Belly stood up. “I’ve managed to go a whole week without seeing my son-in-law.” He extended a hand and Phil shook it, but
loosely. Belly’s palm was suddenly coated in sweat; he felt as if Phil were the father and he was a naughty little boy.

“Spell’s broken, I guess,” said Phil, and he served himself a cup of coffee but did not say more to Belly.

He watched his daughter’s husband sit down and sip his coffee and read the paper, watched him keep still while his wife moved
around him, watched his sons reach across him, spill orange juice on his paper, trying to get his attention, and the whole
scene made some foreign feeling simmer up inside him, something he vaguely recognized as regret.

They wanted to all go to church together but Phil’s pickup was a two-seater, so they tried to pile all three kids and three
adults into Margie’s borrowed Dodge Dart. Belly waited for them to smoosh in and then he said, “I’ll walk.”

“Oh, no you don’t,” said Nora. “I don’t trust you to make it there on your own.”

“It’s six blocks away.”

“There are, like, forty bars between here and the church. Get in.”

“Just one minute,” Belly said, and he walked up all those stairs to the attic. He changed into the dress pants and then he
reached under the bed and pulled out the plastic Wal-Mart bag with the flask from Eliza, and downstairs he filled the flask
with Jameson’s and outside he squeezed into the car with the flask resting safely against his heart.

E
ons had passed since Belly had been in this church, more moons than he could count. These last four years remained in sharp
focus, his podmates and their fights over what to watch on television, the rare gift of a cigarette or square of chocolate
when the guards were feeling generous. But the fifteen years before that were now as blank and beige as the universe.

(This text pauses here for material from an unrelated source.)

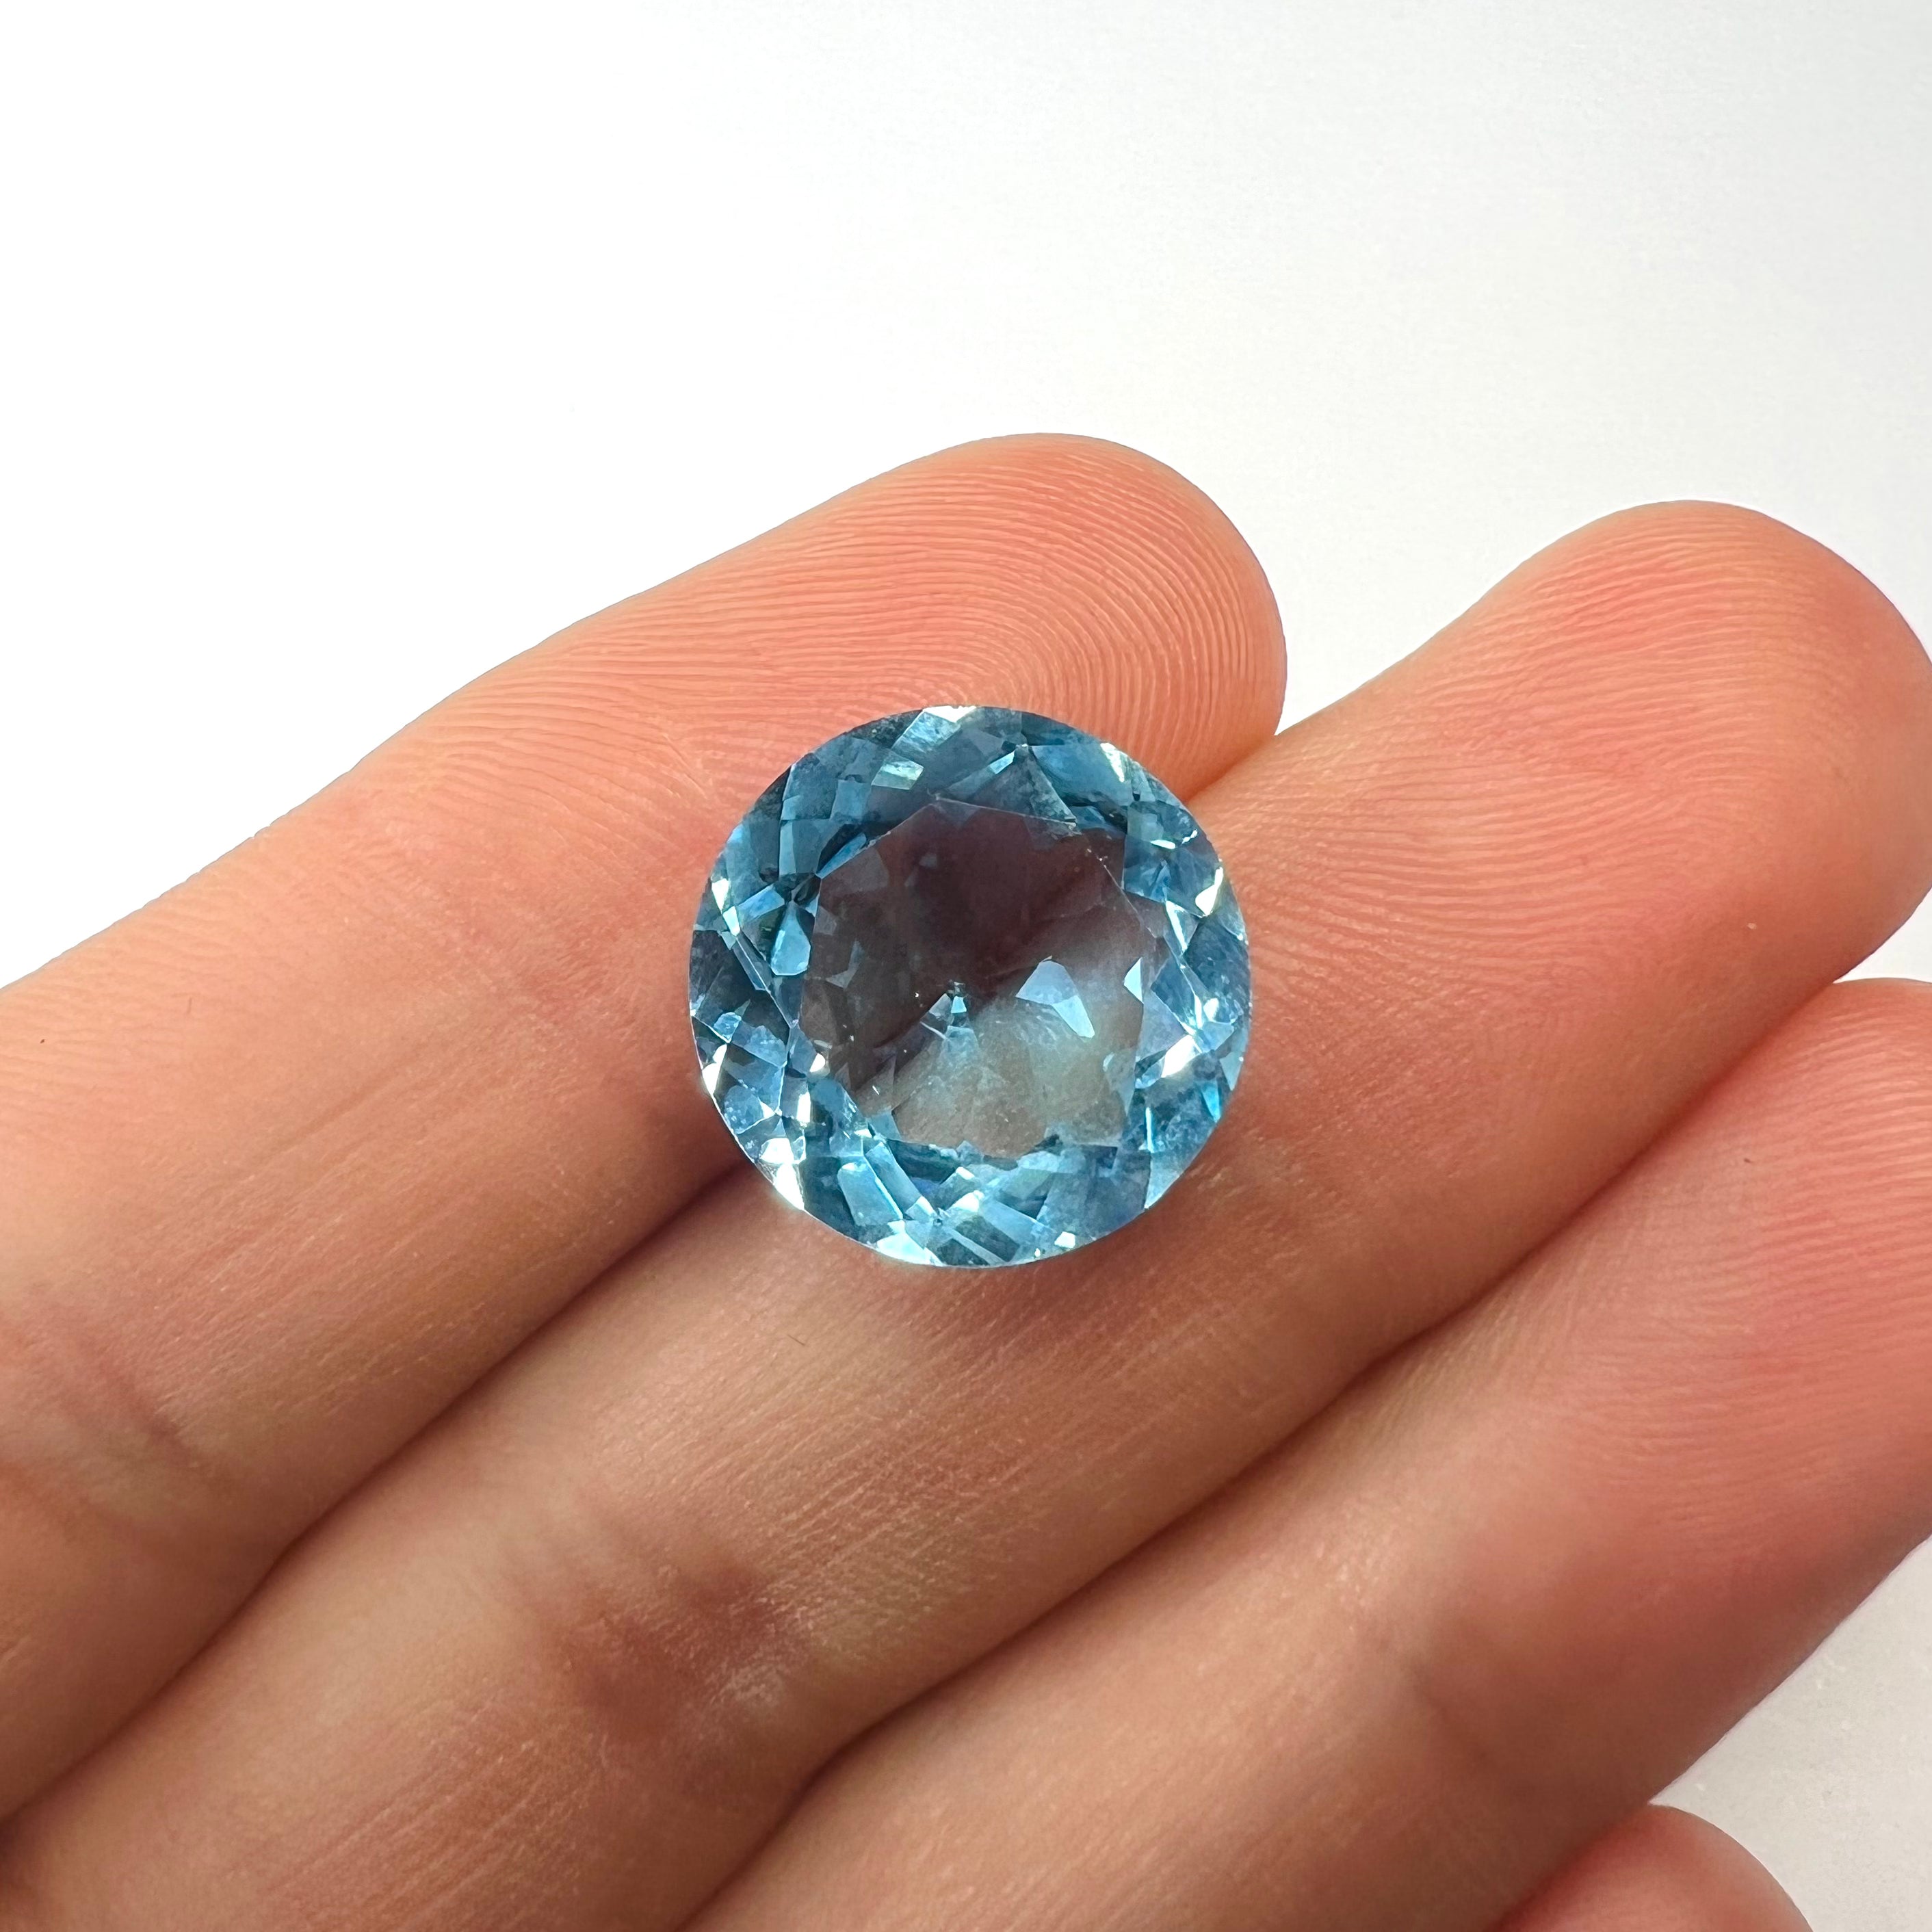 12.67CTW Loose Natural Round Cut Topaz 14.80x7.80mm Earth mined Gemstone
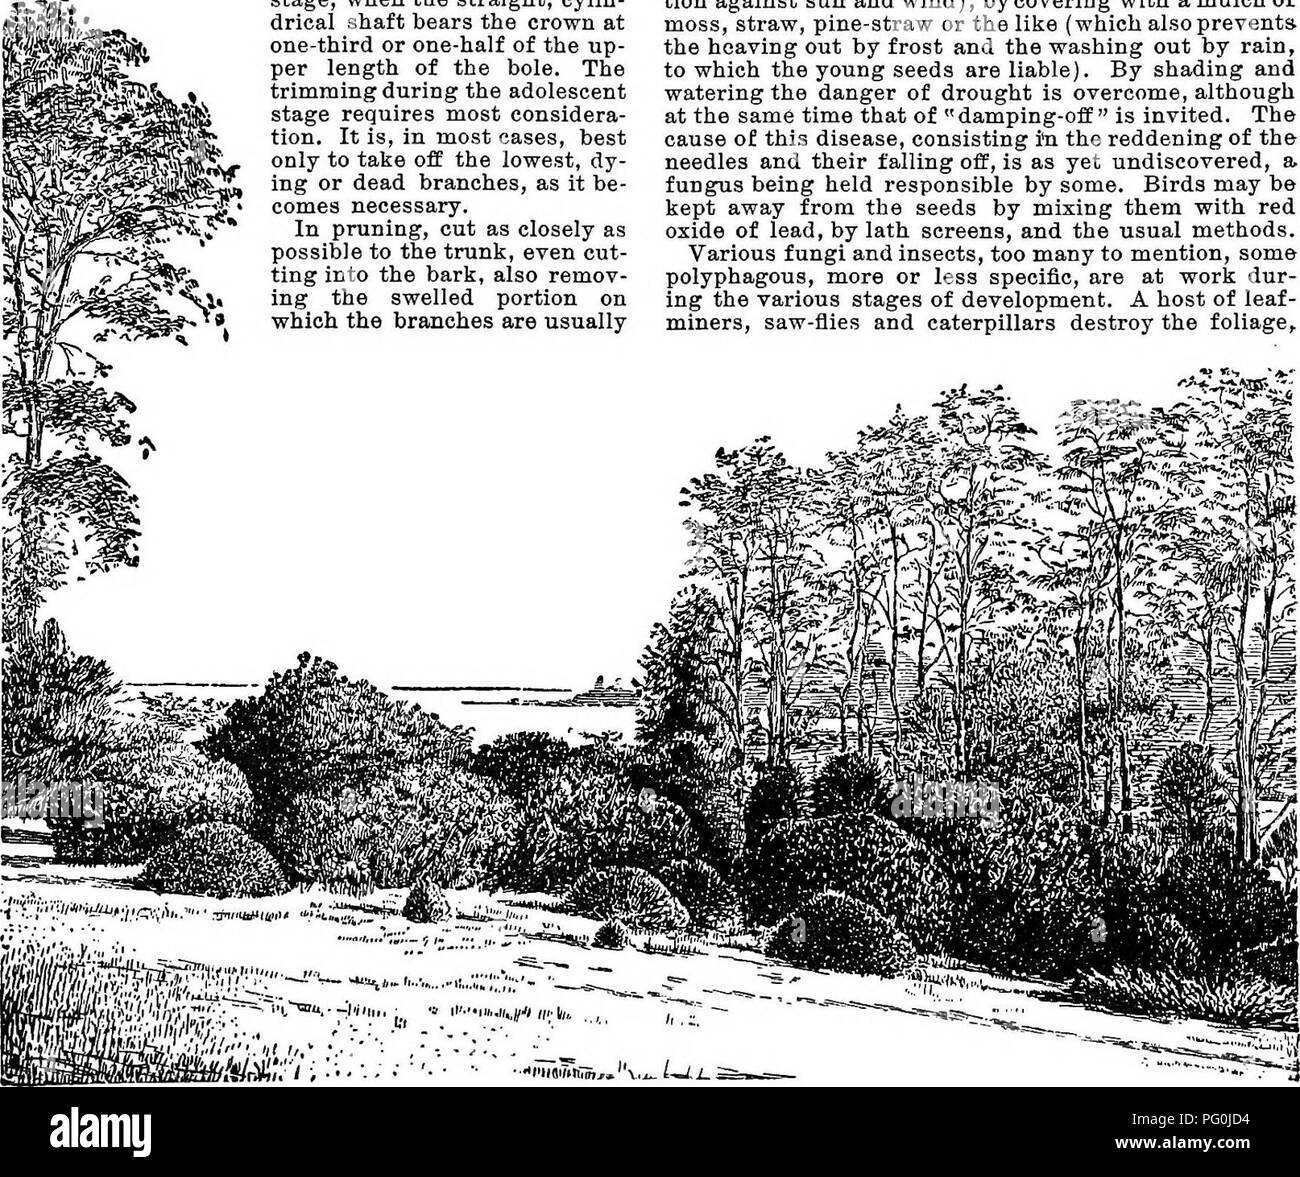 . Cyclopedia of American horticulture, comprising suggestions for cultivation of horticultural plants, descriptions of the species of fruits, vegetables, flowers, and ornamental plants sold in the United States and Canada, together with geographical and biographical sketches. Gardening. 535. Pyramidal evergreens. Junipers. Trimming off a few tiers of lower branches, loosening the soil as far as the ambitus of the crown, and mulch- ing will largely correct this. When used for hedges, the treatment is, of course, different. For such a purpose the shade-enduring species, spruces and hemlocks, are Stock Photo

The interior of St. Peter’s was stern and bland, and a young priest had begun taking over for Father Keneally. But everything
about the inside of this church was the same, even the parishioners. Mrs. Radcliffe and her girls, Phil’s brothers and their
wives, everyone coming up to him and asking, “How
are
you?” with faux Christian concern. He recognized a sea of regulars from War Bar and their families.

The question he’d been dreading all week now floated in the air around him: “What are you going to do now? What now? What
lies ahead for you, buddy?” He followed Nora to a pew in the front and knelt, he tried to kneel but it was too hard on his
knees and he sat back on the bench and looked up to the school of people on the stage, each of them wearing index cards with
the names of their patron saints written in bold black ink.